Thursday, July 21, 2005
Reviewing Potter
Finished the latest Harry Potter book a few days ago, and now that it's sinking in, I thought it was time for a review. I wanted to like the book: that's an upfront bias. I enjoyed the book as much or more as any of the others, that much I know.
The third book still stands as the high watermark of the series in my thinking. I look for any new book to surpass Chamber of Secrets, which this one does, easily. But it doesn't match Azkaban. Not quite.
First the positive points: Half-Blood Prince is well-plotted and unlike the few negative reviews suggest, it's well-paced and deliberate, rather than too slow. I was considering the various hints and clues from previous books, so the various surprises were just as they needed to be: surprises, but set up mostly well. And too snail-paced? I don't think so. Mary GrandPre's art is the best in the series, both the cover and chapter headings.

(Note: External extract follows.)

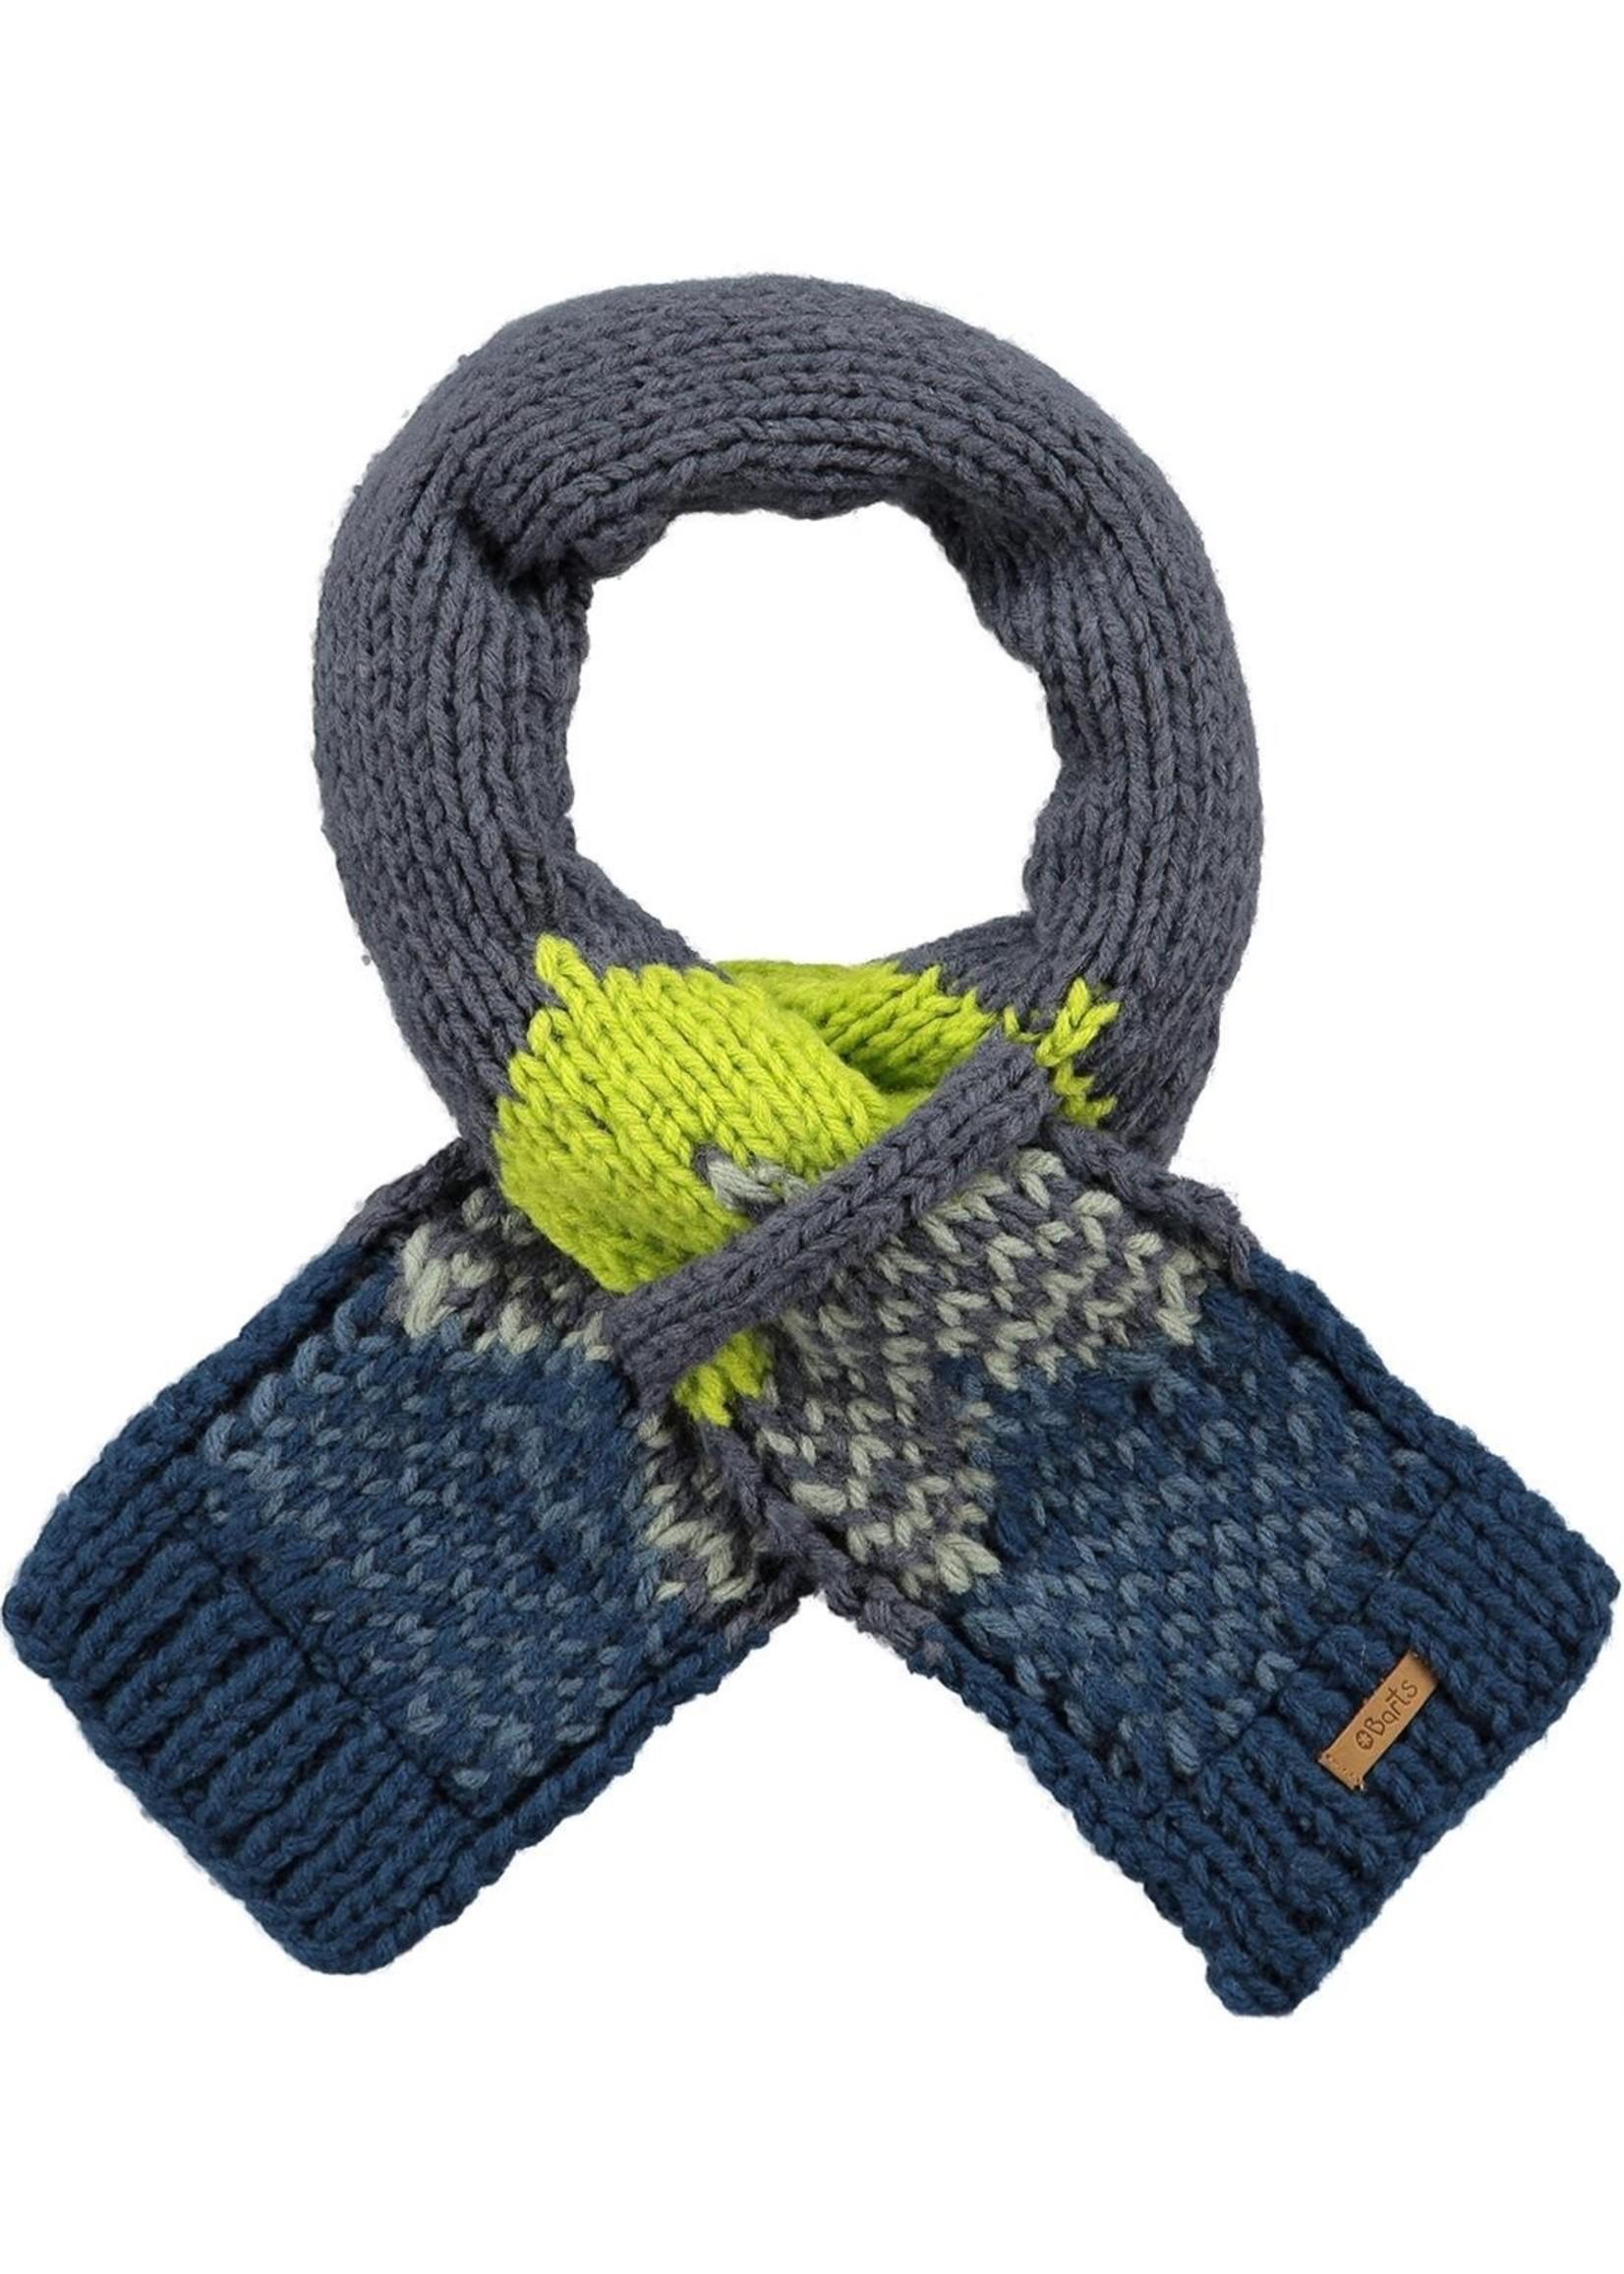 Barts w21 sjaal maat one size (74/92)
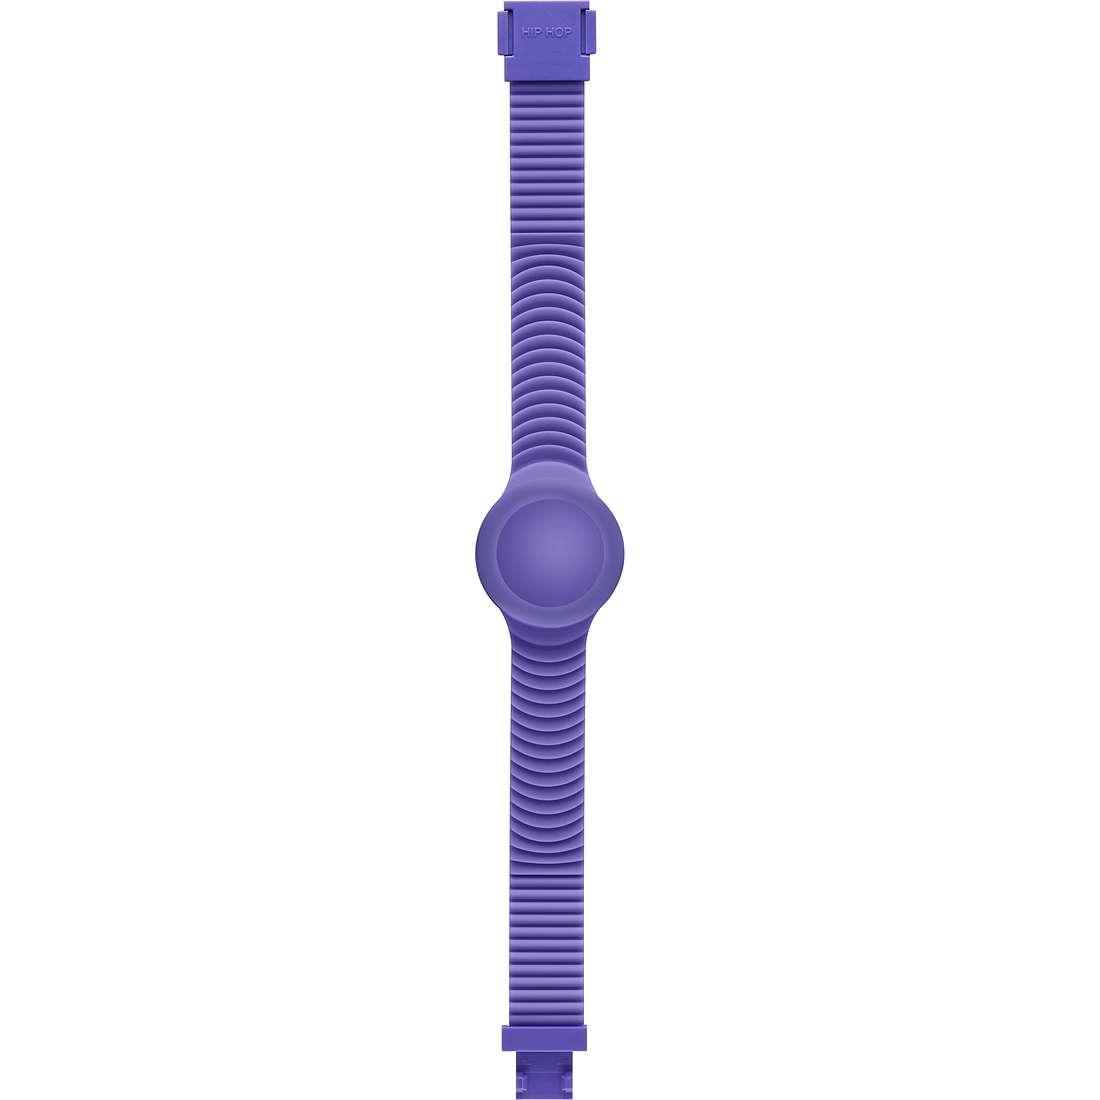 orologio accessorio donna Hip Hop Sensoriality HBU0518

In book five, everyone but Harry's closest friends think he's whacked. Circumstances are reversed in the new book: Harry's obsession with Malfoy is an annoyance for his three closest allies. It's not played up too much, which is good, because it comes off as a trifle contrived. It's rather necessary for the plot, and it makes a good contrast from Phoenix, but Hermione's smart enough not to dismiss Harry's suspicions too easily. This item needed more set-up, but I'm at a loss as to what I would've done.
My biggest complaint about the book is reserved for Rowling's editor(s). In the first hundred pages, I saw the over-reliance on spell-check three times. "Site" instead of "sight?" A writer shouldn't make a mistake like that, but it's even more unforgiveable for an editor to miss it. Book editors in general have gotten too damned lazy, and Harry Potter is no exception. They should offer me a job on book 7. I've heard reports about sloppiness in printing: pages missing, sections repeated, etc.. No excuse for that either. Scholastic Press can and should do better. Printing millions of advance orders is no excuse: you're making this kind of money on a publishing phenomenon, and you should be up to the task. It's that simple.
Good fantasy writers are distinguished by the quality of their ideas, and despite over two-thousand pages heading into HBP, there are still some nice ideas popping up. Great fantasy or science fiction is distinguished by what marks other good literature, especially characterization. There's that, but there could have been more. Rowling uses her typical chapter introductions to reset the scene and mood in a comfortably familiar way. And at times, the writing is very good. I think an active editor would catch Rowling's occasional sloppiness, thing like using the same descriptive word twice within a few hundred words, say. A collaborative editor might suggest a thing or two about enriching descriptions, or perhaps fleshing out a secondary character a bit more. Or even disguising a clue a bit deeper. Or streamlining the overall narrative a touch. I was happy for the secondary romances, but were they worth the ten percent of the book to set them up? If Rowling is going to focus the book on Ron and Hermione along with Harry, I'd rather see a bit more backstory on those two to explain why they doubt Harry all of a sudden in book 6.
In three thousand pages of narrative, we know Harry and his two friends very well. We know the supporting cast somewhat well, but it's mostly a sharp drop-off after Ron and Hermione. Like a good mystery, we don't see the motiviations of the antagonists until the end, and then Dumbledore explains it for Harry and us. I don't have a complaint with Rowling focusing almost every chapter on Harry, Ron and Hermione. But I think her backstory with the Marauders, the Order, and the other students gets in the way if the only point is to fill in the details she has in her head. An outstanding writer would have thought of that.
As it is, I think Harry Potter and the Half-Blood Prince is a very good book. It was what I expected: a great read and very enjoyable. It wasn't quite what I had hoped, or what it could have been.